I am a little confused as to how I can compute the limit for this. I know the sequence comes out to be $x^2 = 2x + 1$ but I am not sure how to proceed further.

Any help?

Answer 1

If $$a_{n+1}=2a_{n}+a_{n-1}$$ then $${a_{n+1}\over a_n} = 2+{1\over {a_{n}\over a_{n-1}}}$$

Write: $b_n = {a_{n}\over a_{n-1}}$ then we have $$ b_{n+1}= 2+{1\over b_n}$$ Let $b= \lim_{n\to \infty} b_n$ (here you must prove first that $b$ exist) then we have to solve: $$b = 2+{1\over b}$$ and we get $b^2-2b-1=0$ so $b= 1\pm \sqrt{2}$...

Answer 2

From solving the characteristic equation, you know that the general solution of the recurrence is of the form

$$a_n=c_0r_0^n+c_1r_1^n$$ where $r_0,r_1$ are the roots.

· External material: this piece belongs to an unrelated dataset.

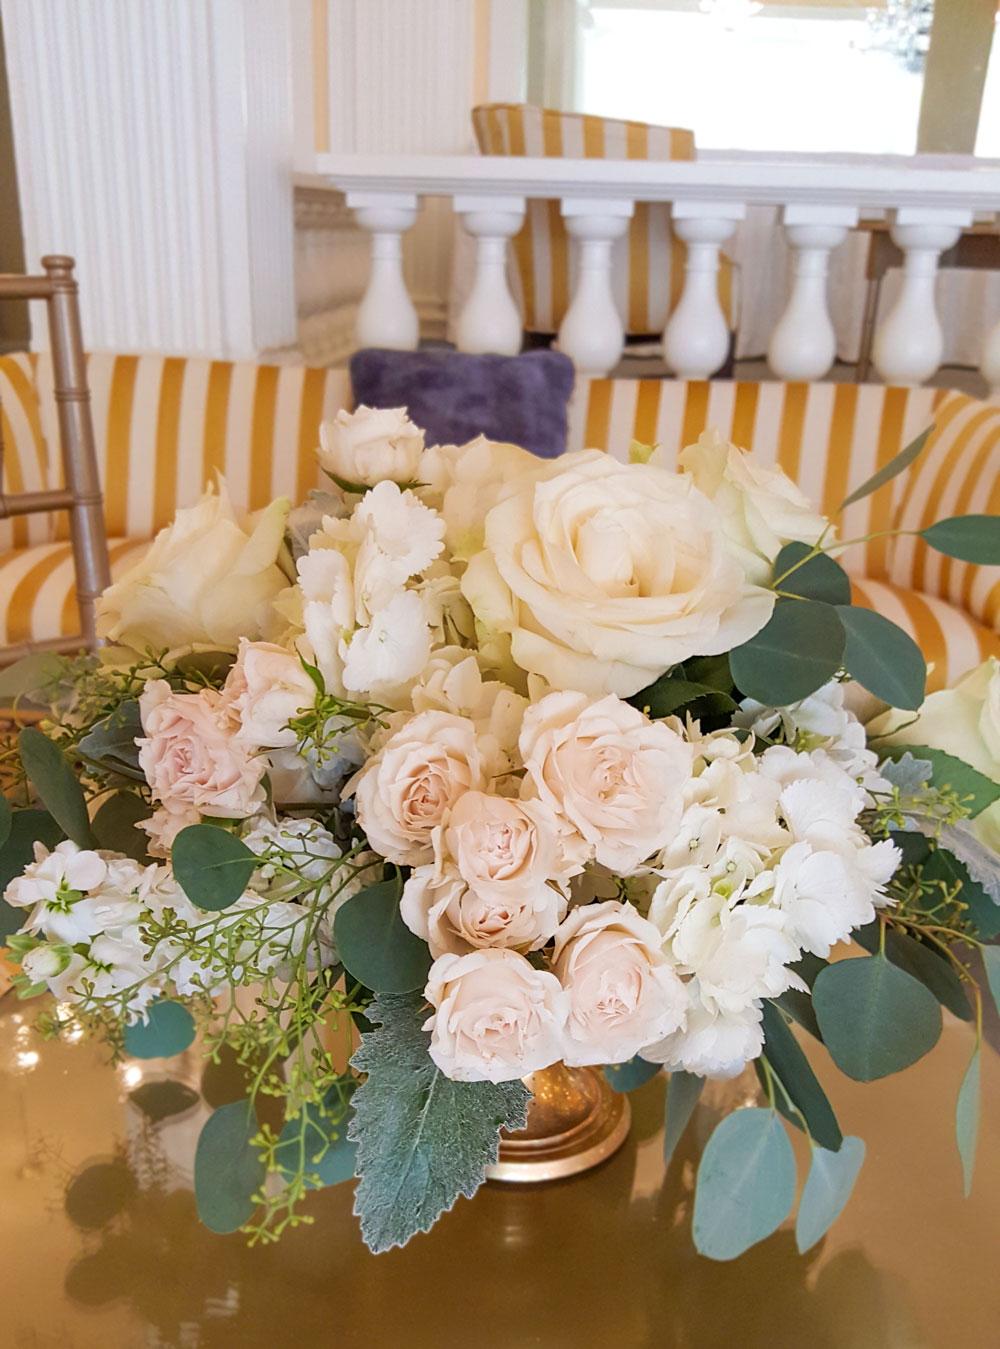 Soft Blush Cream Centerpiece - roses, hydrangea, majolkia rose sprays

Then, assuming $|r_0|>|r_1|$,

$$\frac{a_{n+1}}{a_n}=\frac{c_0r_0^{n+1}+c_1r_1^{n+1}}{c_0r_0^n+c_1r_1^n}=\frac{r_0+r_1\dfrac{c_1}{c_0}\left(\dfrac{r_1}{r_0}\right)^n}{1+\dfrac{c_1}{c_0}\left(\dfrac{r_1}{r_0}\right)^n}$$ tends to $r_0$, provided $c_0\ne0$